- **SUPPLIED DATA**

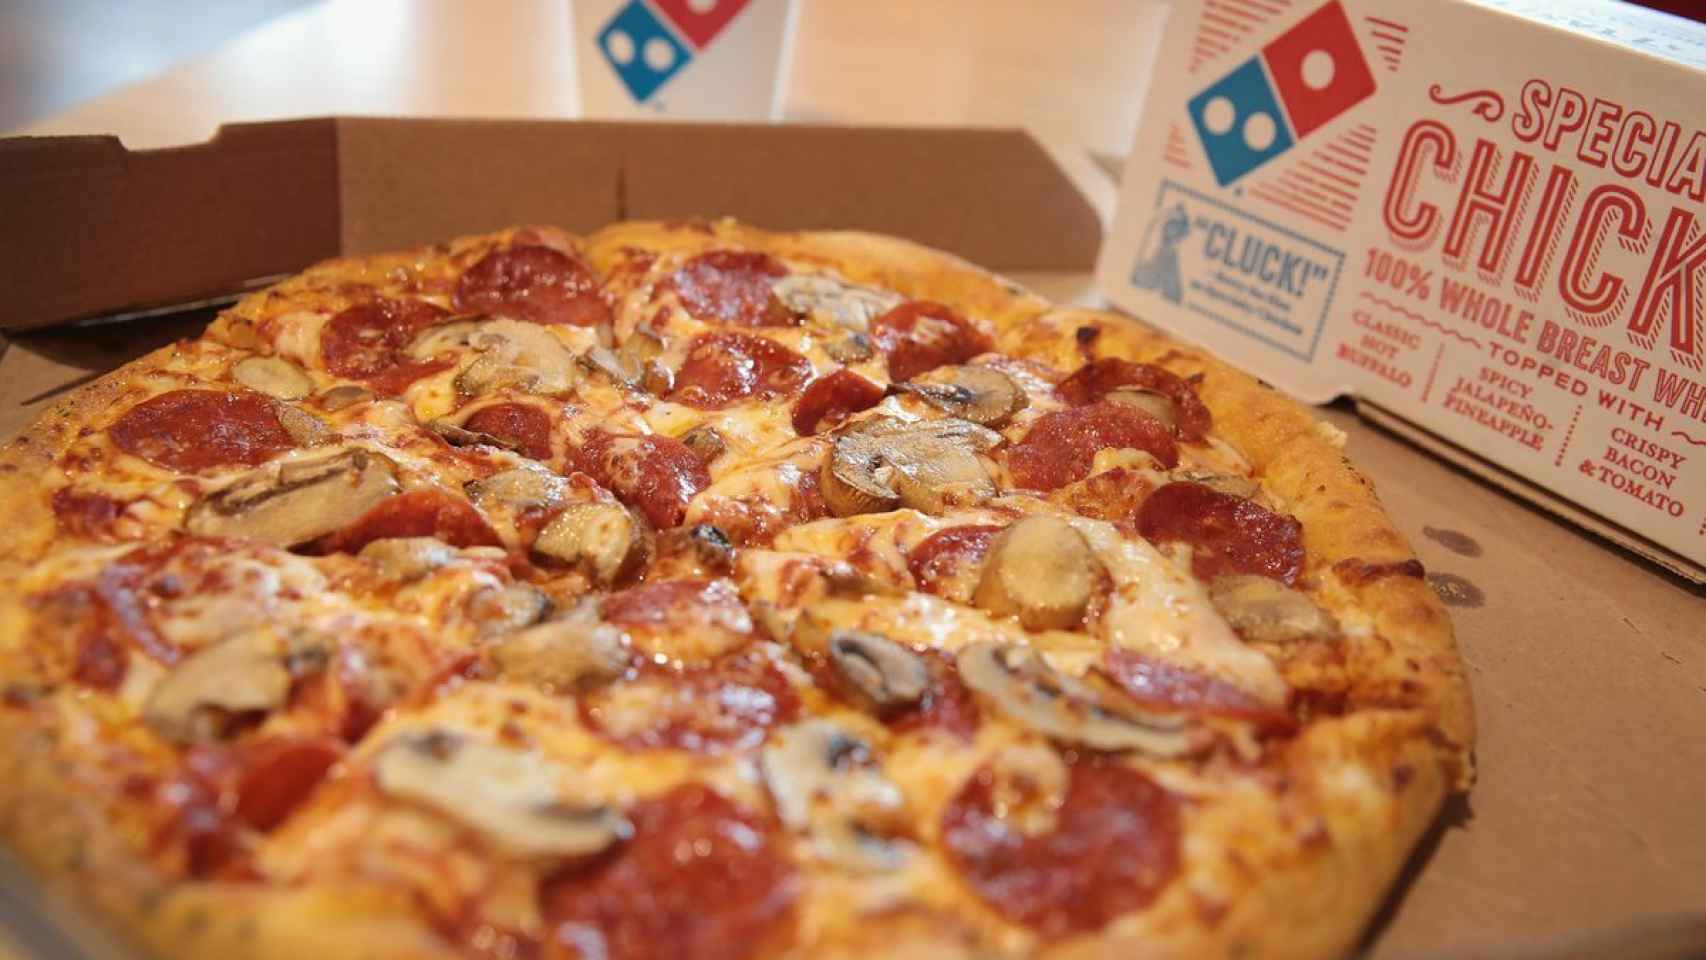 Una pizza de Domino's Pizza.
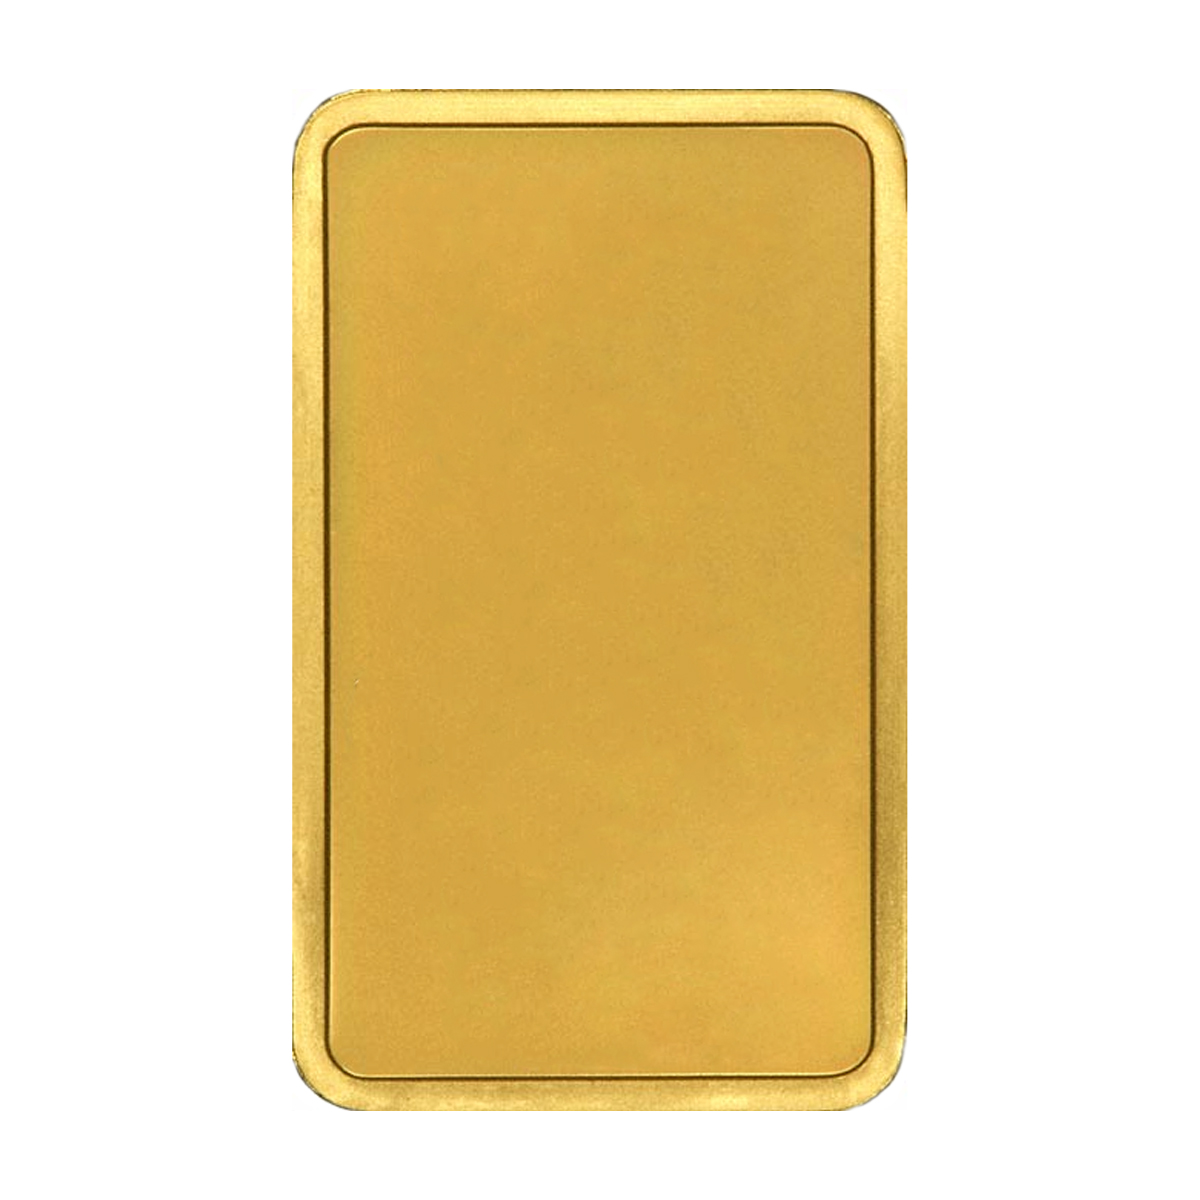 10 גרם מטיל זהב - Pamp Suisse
---
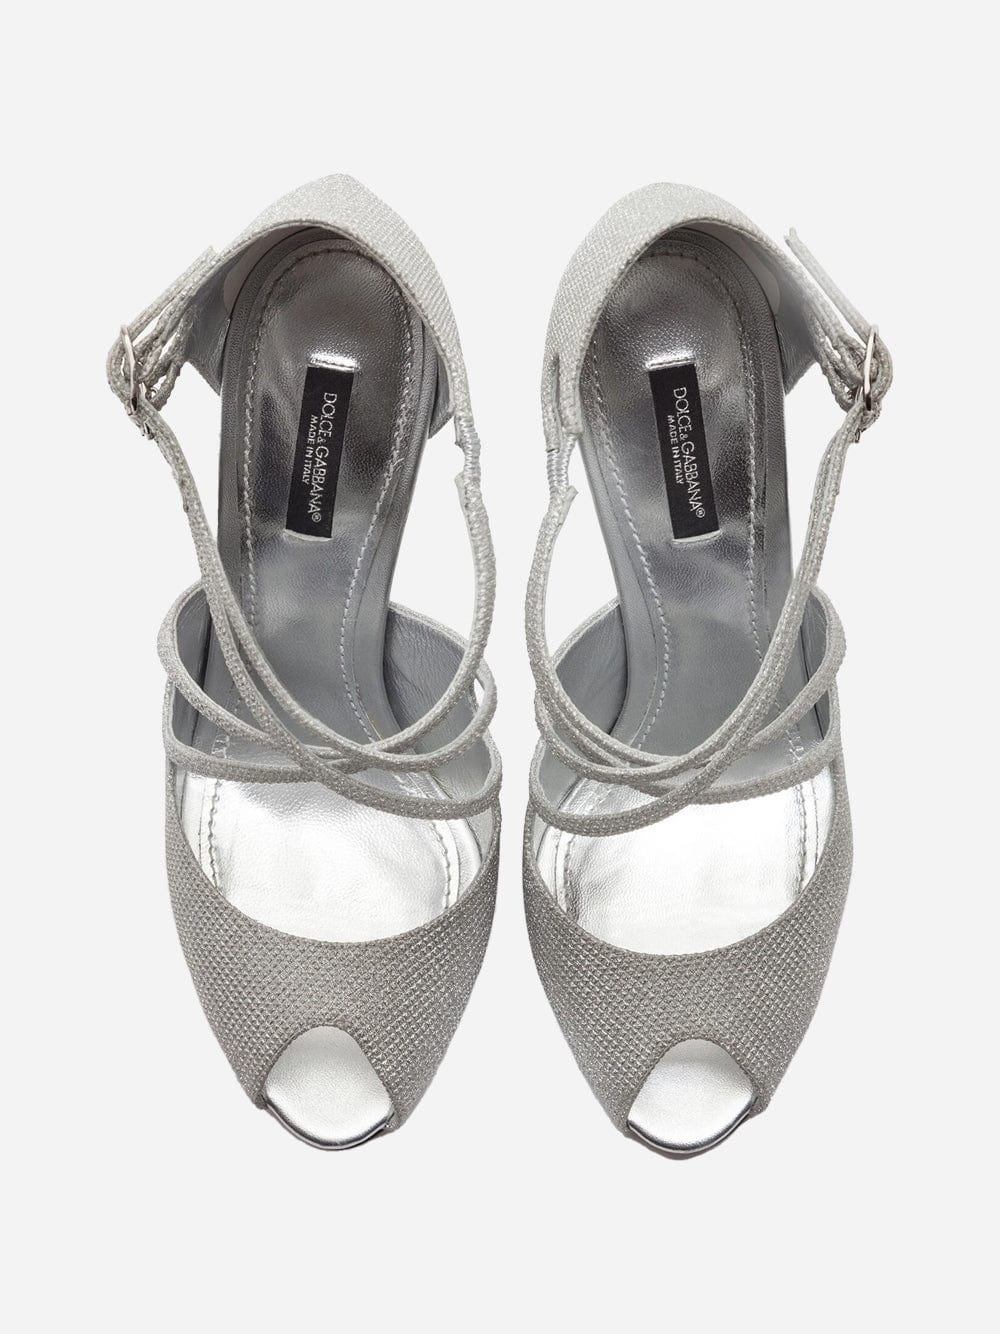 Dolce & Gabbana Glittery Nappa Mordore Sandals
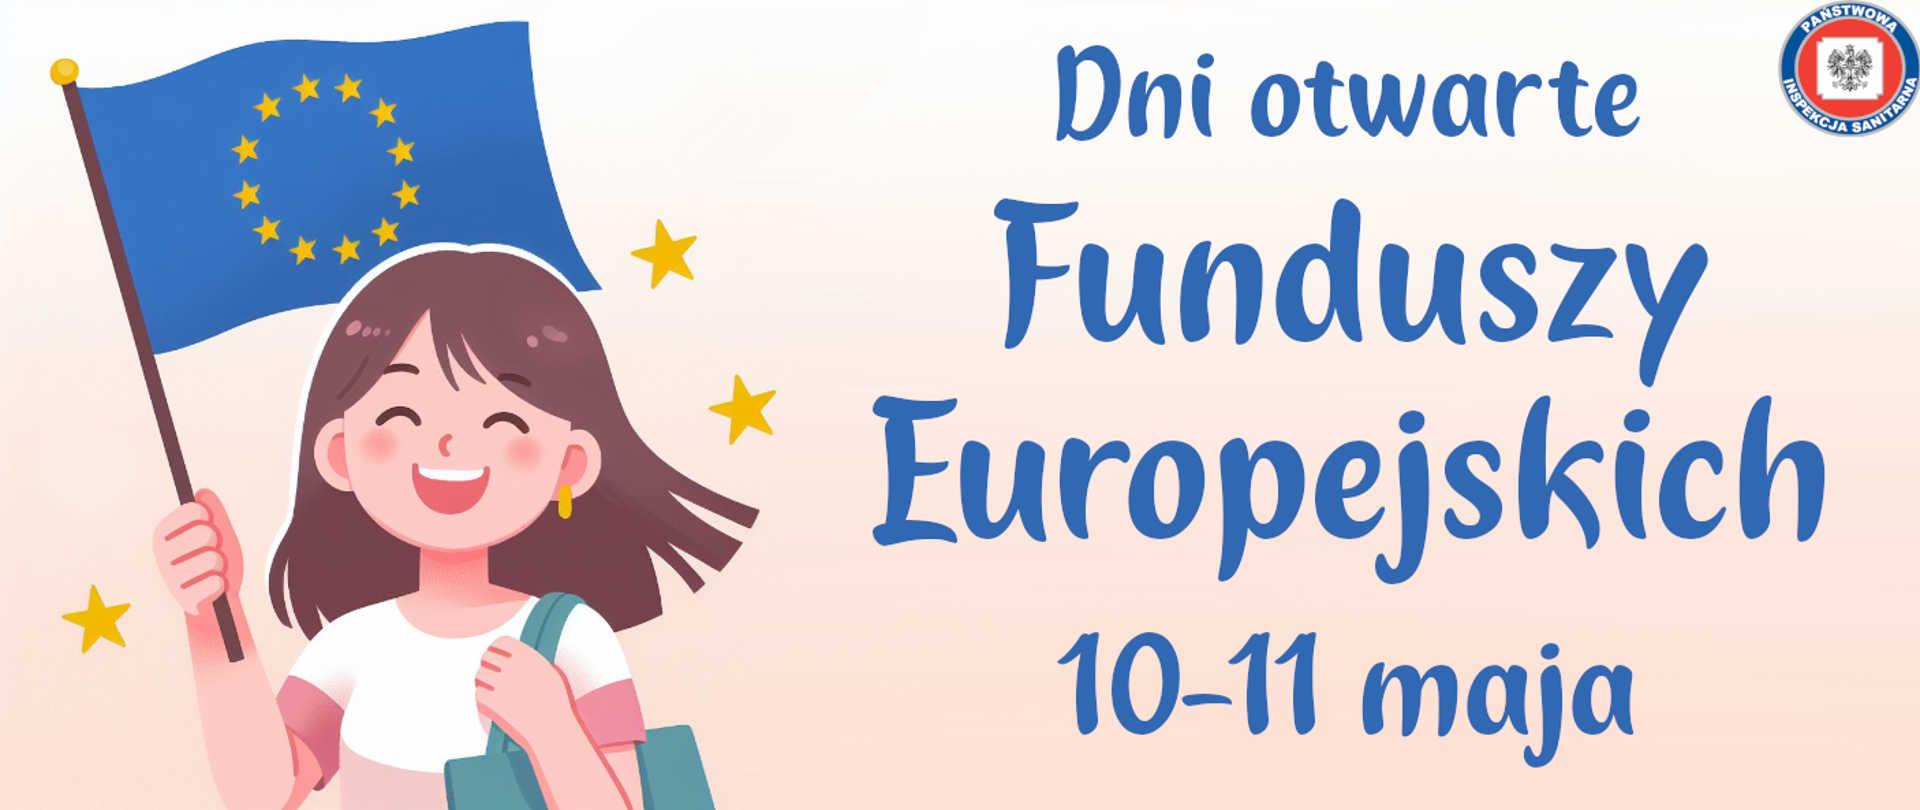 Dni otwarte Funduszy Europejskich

- **DESCRIPTION OF THE TASK**
The result should be an exact copy of only the lines above from the one that holds "Una pizza de Domino's Pizza." through the one that holds "10 גרם מטיל זהב - Pamp Suisse", both ends included, without pictures.

- **ANSWER TO THE EXERCISE**
 Una pizza de Domino's Pizza.
 10 גרם מטיל זהב - Pamp Suisse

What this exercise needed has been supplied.